Friday, January 27, 2012

What Do I Have in My Pocketses?

Several years I worked with a third grade student named Enrico Jimenez.  Enrico was a short chubby kid who wore a puffy winter coat that made him look like an almost perfect sphere.  Every day he would see me and ask, "Hey, can I show you something?"  The items that emerged from the jacket never ceased to amaze me.  Everything from rubber lizards to party favors would be yanked out of one of his pockets once I'd given my (slightly nervous) permission to share.  I had spoken to his father on a few occasions who insisted that they had taken everything away from him because of bad behavior and he had no idea where these things came from (which only amused me more). 

One of my favorites was when Enrico asked me one morning if had problems with my dry wall (a slightly odd question from a third grader to put it mildly).  Before I could answer he said, "cause if you do, call these guys" and from his winter jacket he produced a business card for some dry wall guy; the card being held up for me to take between his pointer and middle finger like a used car salesman.

Unfortunately, Enrico didn't have a very happy life.  His mom wasn't in the picture and his father had just been released from prison.  Enrico would have emotional breakdowns which included violent unmanageable tantrums.  He would cry and scream for hours, throw things, and try to run out of the school.  This eventually led to his being placed in an ED/BD classroom which only made his outbursts more frequents (and more accepted...). 

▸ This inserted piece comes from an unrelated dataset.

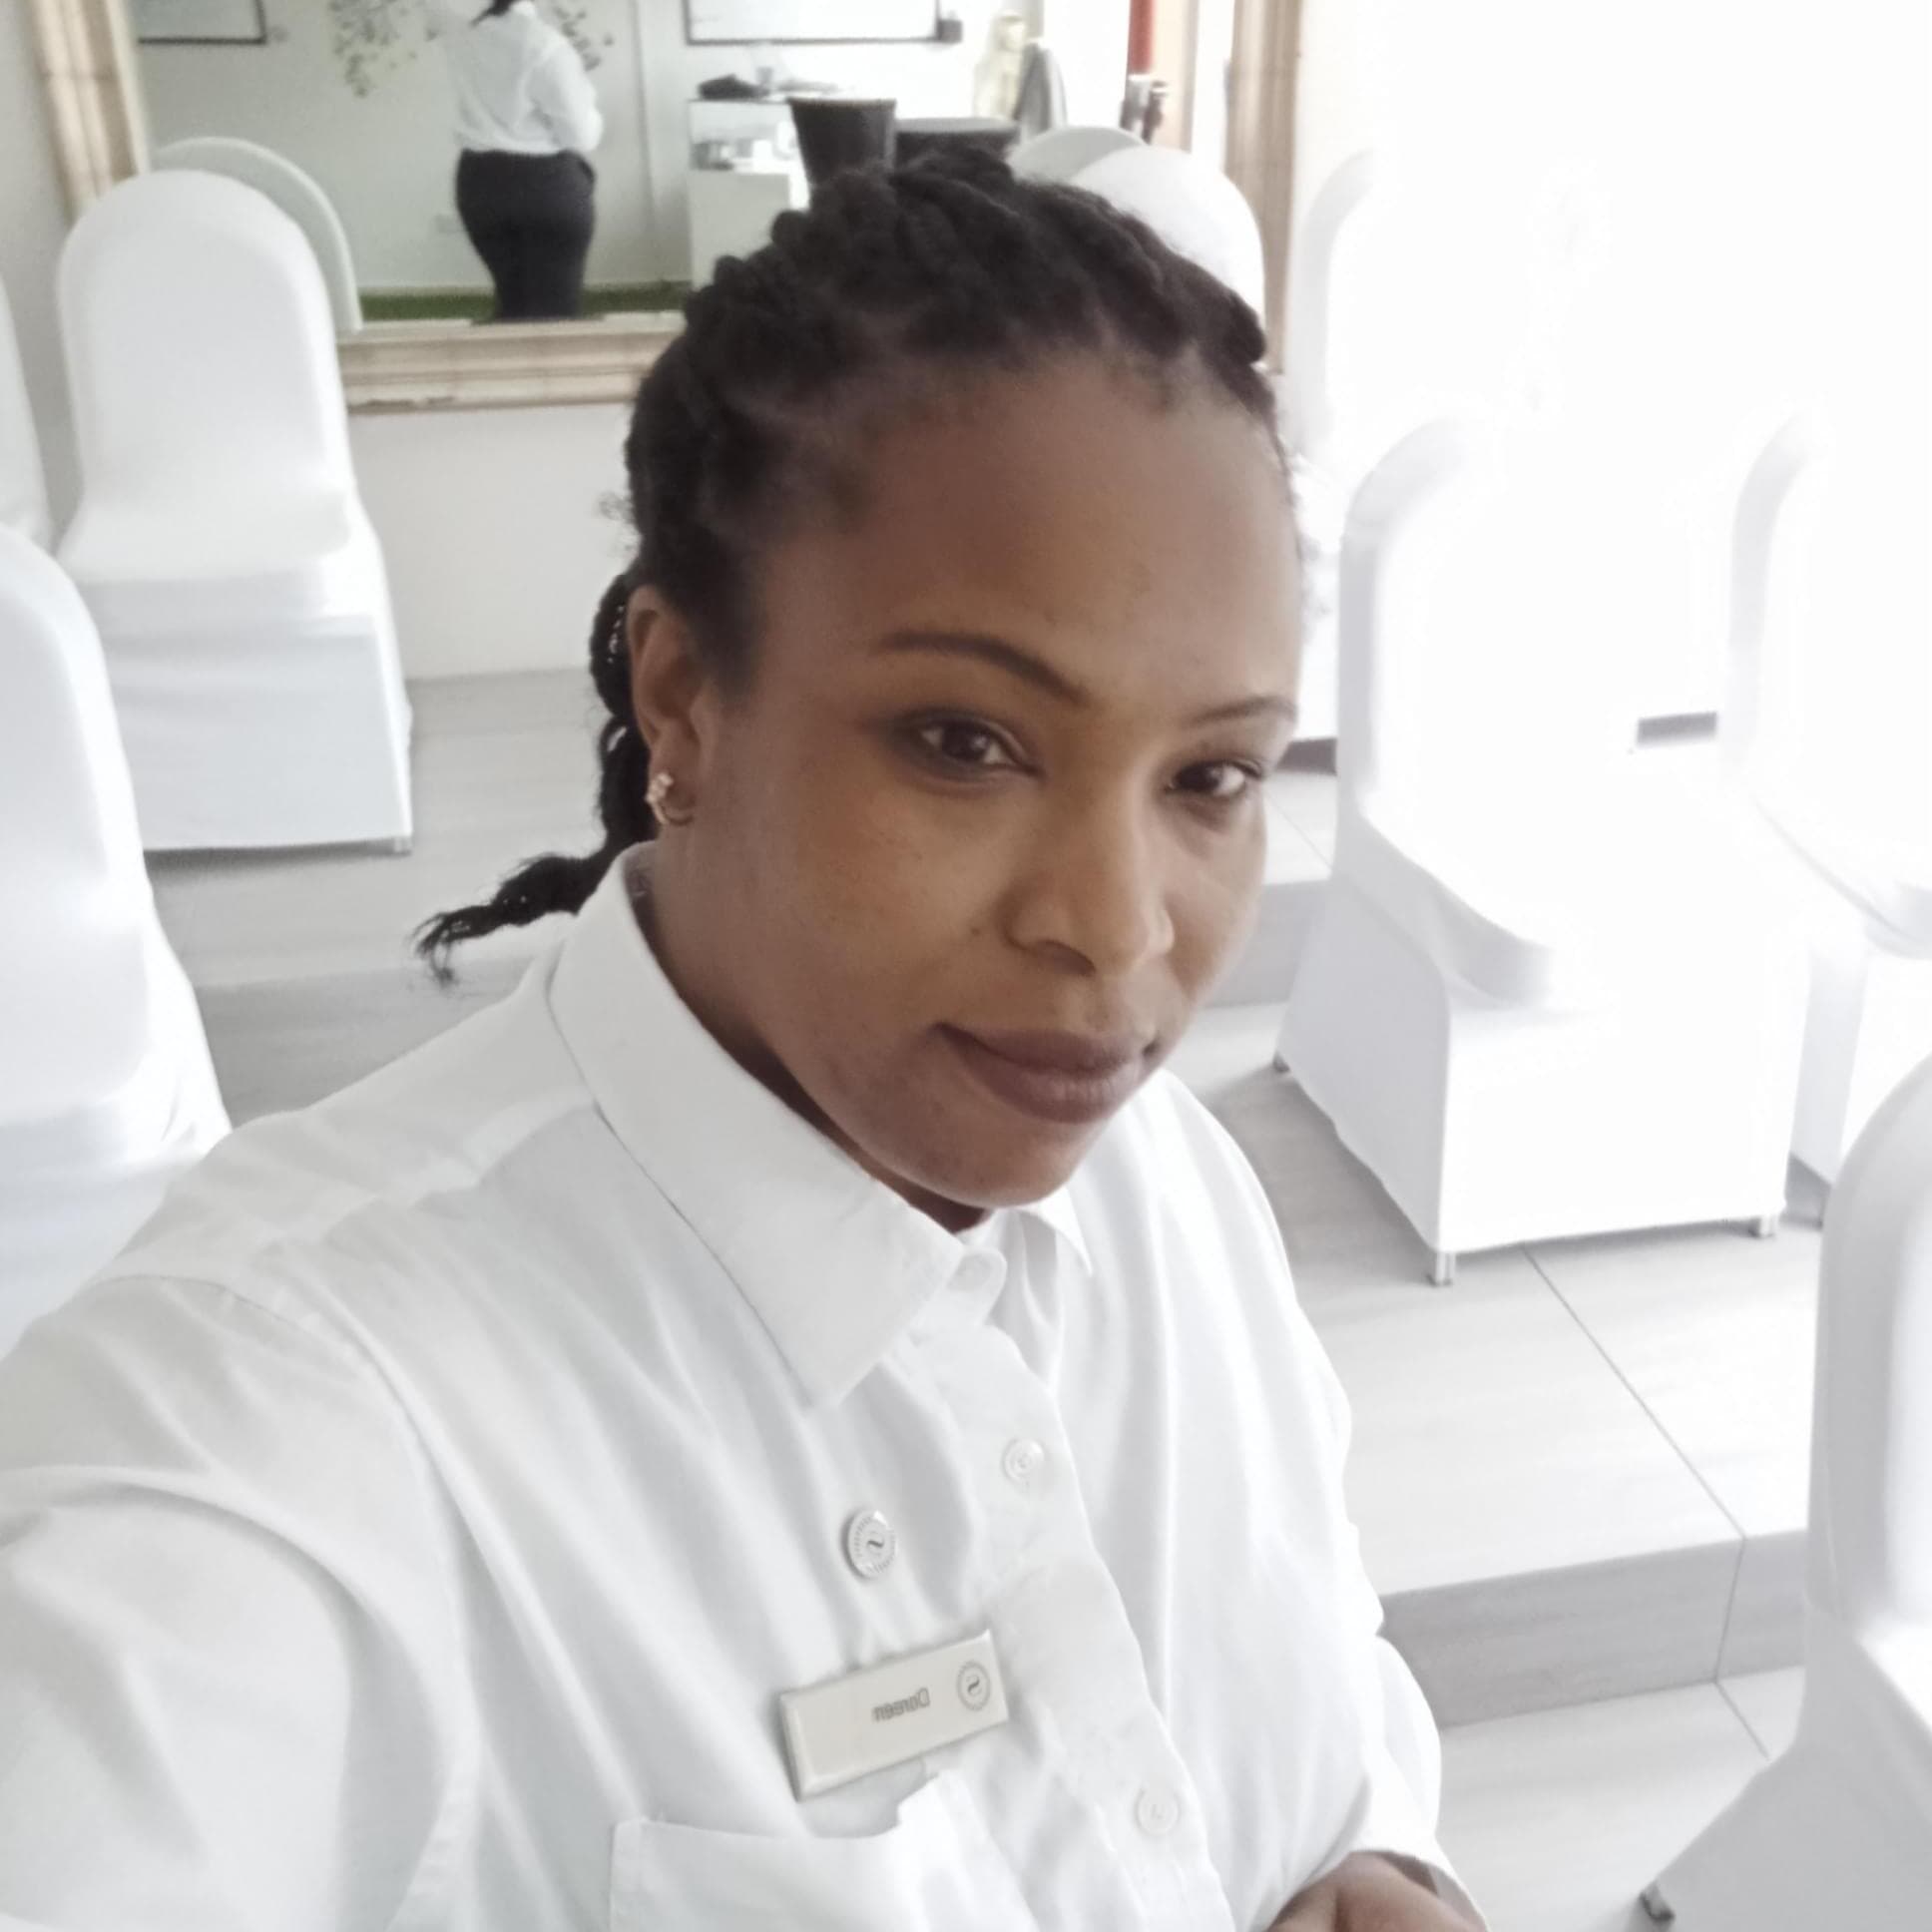 Doreen a Kenyan lady working in dubai,certified nurse assistant willing to do nanny, housekeeping,caregiving,

Eventually, I had to bring his father in to talk about these behaviors.  When he came in, he very politely told me that he saw all the same problems at home and didn't know what to do with him.  He went on to say that he had just got out of prison, was trying to get his own life back on track, had just got a job, and could not be bothered with phone calls from the school & requests to come in to meet with staff.  Enrico's dad let me know that he had nothing to offer by way of suggestions, and that while he was at school he was our problem.  If we had to suspend him, expel him, etc., he understood but to please not bother him anymore.  He then shook my hand and left.   

We were left with an emotional time bomb and little resources to manage his breakdowns other than punishment.  His teacher was wonderful and loved him, but with other students was limited in terms of how much she could help him let alone teach him.

At least Enrico's dad was honest.  "He's your problem." In so many instances the parents give the impression they care when they don't, or perhaps defend behaviors blindly while driving a wedge between the school and home. 

These complicated situations are becoming more and more common. There are no obvious solutions (maybe no solutions at all...).  Standardized tests do not accurately reflect the effort and quality of work a teacher puts in with a child like this, nor does it accurately reflect the child's progress.  Yet at year's end, this teacher would be considered, on paper, to have failed Enrico.  This is unfair.